** Raw data follows **

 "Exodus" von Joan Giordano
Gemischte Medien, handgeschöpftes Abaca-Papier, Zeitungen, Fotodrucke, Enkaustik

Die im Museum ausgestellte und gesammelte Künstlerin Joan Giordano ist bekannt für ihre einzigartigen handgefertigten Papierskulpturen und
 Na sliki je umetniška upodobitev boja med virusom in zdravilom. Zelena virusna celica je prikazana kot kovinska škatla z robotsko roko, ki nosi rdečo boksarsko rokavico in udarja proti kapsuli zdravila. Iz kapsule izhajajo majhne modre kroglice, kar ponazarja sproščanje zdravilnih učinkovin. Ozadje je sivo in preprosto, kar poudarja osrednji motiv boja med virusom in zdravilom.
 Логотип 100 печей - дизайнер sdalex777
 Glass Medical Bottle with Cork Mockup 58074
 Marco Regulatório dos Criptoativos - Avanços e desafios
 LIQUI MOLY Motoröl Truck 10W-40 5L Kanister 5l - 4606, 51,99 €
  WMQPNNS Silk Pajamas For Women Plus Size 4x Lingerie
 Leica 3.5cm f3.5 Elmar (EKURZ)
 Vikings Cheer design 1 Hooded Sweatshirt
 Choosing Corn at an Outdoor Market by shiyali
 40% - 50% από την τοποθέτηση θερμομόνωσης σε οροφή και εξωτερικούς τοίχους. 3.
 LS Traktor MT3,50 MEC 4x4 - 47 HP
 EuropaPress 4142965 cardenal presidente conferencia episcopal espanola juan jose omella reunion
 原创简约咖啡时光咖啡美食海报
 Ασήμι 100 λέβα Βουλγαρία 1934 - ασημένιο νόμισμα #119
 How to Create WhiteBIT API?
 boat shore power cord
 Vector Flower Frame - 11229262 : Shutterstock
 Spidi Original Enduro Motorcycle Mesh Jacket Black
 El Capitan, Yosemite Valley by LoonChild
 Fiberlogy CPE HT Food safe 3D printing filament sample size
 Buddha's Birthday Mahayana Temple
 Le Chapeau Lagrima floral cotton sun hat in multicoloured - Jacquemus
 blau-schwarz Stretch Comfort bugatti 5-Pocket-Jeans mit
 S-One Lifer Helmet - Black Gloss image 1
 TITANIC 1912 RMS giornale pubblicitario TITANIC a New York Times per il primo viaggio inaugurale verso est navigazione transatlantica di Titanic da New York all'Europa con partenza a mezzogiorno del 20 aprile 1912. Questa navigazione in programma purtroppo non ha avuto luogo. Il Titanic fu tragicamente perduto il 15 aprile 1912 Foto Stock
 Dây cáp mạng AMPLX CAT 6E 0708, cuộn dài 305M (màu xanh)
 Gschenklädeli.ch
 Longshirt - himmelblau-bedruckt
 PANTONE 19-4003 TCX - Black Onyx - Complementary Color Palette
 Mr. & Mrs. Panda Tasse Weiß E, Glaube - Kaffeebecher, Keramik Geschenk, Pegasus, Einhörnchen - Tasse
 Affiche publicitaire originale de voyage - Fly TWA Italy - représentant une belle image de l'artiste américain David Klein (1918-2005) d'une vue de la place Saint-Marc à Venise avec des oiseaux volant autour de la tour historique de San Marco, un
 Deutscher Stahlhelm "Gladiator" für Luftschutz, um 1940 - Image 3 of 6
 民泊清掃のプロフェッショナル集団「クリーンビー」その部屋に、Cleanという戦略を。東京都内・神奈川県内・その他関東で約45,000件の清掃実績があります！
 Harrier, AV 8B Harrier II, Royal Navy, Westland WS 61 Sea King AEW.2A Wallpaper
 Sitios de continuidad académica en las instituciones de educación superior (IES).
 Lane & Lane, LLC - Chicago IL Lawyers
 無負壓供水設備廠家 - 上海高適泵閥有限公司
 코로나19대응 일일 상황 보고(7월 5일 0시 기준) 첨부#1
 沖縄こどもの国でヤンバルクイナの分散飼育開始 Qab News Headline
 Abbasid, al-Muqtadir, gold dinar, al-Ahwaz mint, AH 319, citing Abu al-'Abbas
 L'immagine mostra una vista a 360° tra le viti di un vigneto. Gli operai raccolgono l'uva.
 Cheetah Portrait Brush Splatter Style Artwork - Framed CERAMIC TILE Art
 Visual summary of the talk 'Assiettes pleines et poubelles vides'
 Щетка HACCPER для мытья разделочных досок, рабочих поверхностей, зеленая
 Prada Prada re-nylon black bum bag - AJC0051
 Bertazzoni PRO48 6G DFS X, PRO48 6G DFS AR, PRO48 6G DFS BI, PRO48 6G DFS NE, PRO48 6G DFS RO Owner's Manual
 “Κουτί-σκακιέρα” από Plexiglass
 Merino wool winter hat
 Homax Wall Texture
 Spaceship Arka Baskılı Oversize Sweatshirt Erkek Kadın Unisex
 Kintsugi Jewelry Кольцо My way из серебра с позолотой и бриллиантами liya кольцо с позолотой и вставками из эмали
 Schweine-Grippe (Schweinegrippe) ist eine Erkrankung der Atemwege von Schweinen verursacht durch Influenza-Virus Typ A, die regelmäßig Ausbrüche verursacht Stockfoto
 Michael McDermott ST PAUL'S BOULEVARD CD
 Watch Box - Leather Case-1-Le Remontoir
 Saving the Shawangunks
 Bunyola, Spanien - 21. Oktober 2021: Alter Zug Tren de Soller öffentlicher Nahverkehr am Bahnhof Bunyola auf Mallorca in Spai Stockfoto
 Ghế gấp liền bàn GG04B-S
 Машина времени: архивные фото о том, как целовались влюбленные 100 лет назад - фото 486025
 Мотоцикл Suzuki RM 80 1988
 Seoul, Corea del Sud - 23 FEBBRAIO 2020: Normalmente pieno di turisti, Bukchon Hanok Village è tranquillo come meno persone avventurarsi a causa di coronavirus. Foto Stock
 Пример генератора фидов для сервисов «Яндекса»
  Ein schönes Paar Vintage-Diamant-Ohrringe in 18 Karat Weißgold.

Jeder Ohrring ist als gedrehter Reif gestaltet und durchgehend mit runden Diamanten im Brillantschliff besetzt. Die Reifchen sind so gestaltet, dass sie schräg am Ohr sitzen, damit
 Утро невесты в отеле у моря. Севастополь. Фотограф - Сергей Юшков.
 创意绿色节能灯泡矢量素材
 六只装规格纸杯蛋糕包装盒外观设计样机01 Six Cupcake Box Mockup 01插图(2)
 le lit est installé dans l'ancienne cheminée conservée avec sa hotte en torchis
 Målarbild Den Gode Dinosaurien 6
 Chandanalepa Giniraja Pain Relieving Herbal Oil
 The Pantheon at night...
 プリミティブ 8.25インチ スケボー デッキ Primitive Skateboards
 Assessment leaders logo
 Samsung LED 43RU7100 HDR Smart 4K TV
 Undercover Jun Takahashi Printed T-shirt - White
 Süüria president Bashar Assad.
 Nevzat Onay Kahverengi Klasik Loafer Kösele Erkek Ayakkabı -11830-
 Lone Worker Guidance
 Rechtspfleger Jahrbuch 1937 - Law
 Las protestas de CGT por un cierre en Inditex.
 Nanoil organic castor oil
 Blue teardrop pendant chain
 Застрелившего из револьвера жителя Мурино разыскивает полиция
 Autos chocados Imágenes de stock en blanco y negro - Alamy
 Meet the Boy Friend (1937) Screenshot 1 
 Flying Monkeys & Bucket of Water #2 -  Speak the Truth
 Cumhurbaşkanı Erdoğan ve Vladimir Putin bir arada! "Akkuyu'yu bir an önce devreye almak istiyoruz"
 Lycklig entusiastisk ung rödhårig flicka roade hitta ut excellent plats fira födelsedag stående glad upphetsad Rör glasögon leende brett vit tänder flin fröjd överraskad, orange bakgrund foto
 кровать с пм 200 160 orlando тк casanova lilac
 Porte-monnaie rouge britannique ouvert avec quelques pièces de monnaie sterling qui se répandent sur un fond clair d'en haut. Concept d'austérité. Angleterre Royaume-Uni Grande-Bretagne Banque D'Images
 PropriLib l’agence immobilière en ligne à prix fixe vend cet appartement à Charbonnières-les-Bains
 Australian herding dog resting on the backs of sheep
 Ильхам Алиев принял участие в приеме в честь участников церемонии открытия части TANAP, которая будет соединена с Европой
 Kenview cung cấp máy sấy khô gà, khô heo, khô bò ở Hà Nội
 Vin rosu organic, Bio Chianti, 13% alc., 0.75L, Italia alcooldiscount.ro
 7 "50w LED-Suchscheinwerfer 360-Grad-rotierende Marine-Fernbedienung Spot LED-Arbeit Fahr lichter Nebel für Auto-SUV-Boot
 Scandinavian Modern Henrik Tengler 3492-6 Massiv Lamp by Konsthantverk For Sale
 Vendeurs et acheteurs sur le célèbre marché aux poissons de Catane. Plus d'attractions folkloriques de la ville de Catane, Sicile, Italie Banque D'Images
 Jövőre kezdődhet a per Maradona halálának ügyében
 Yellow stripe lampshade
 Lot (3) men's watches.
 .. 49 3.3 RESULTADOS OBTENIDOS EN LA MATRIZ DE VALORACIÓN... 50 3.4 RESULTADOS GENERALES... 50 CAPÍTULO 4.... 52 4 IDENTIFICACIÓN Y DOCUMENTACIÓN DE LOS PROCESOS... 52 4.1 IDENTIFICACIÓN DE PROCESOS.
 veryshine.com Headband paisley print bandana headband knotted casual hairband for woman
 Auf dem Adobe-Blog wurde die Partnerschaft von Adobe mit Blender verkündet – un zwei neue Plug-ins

** End of Raw data **

* **Action item**:
In the listing above, locate the line containing "プリミティブ 8.25インチ スケボー" and the line containing "Cumhurbaşkanı Erdoğan ve". Extract those two lines and every line between them, exactly as written, and only those.

* **Response below**:
 プリミティブ 8.25インチ スケボー デッキ Primitive Skateboards
 Assessment leaders logo
 Samsung LED 43RU7100 HDR Smart 4K TV
 Undercover Jun Takahashi Printed T-shirt - White
 Süüria president Bashar Assad.
 Nevzat Onay Kahverengi Klasik Loafer Kösele Erkek Ayakkabı -11830-
 Lone Worker Guidance
 Rechtspfleger Jahrbuch 1937 - Law
 Las protestas de CGT por un cierre en Inditex.
 Nanoil organic castor oil
 Blue teardrop pendant chain
 Застрелившего из револьвера жителя Мурино разыскивает полиция
 Autos chocados Imágenes de stock en blanco y negro - Alamy
 Meet the Boy Friend (1937) Screenshot 1 
 Flying Monkeys & Bucket of Water #2 -  Speak the Truth
 Cumhurbaşkanı Erdoğan ve Vladimir Putin bir arada! "Akkuyu'yu bir an önce devreye almak istiyoruz"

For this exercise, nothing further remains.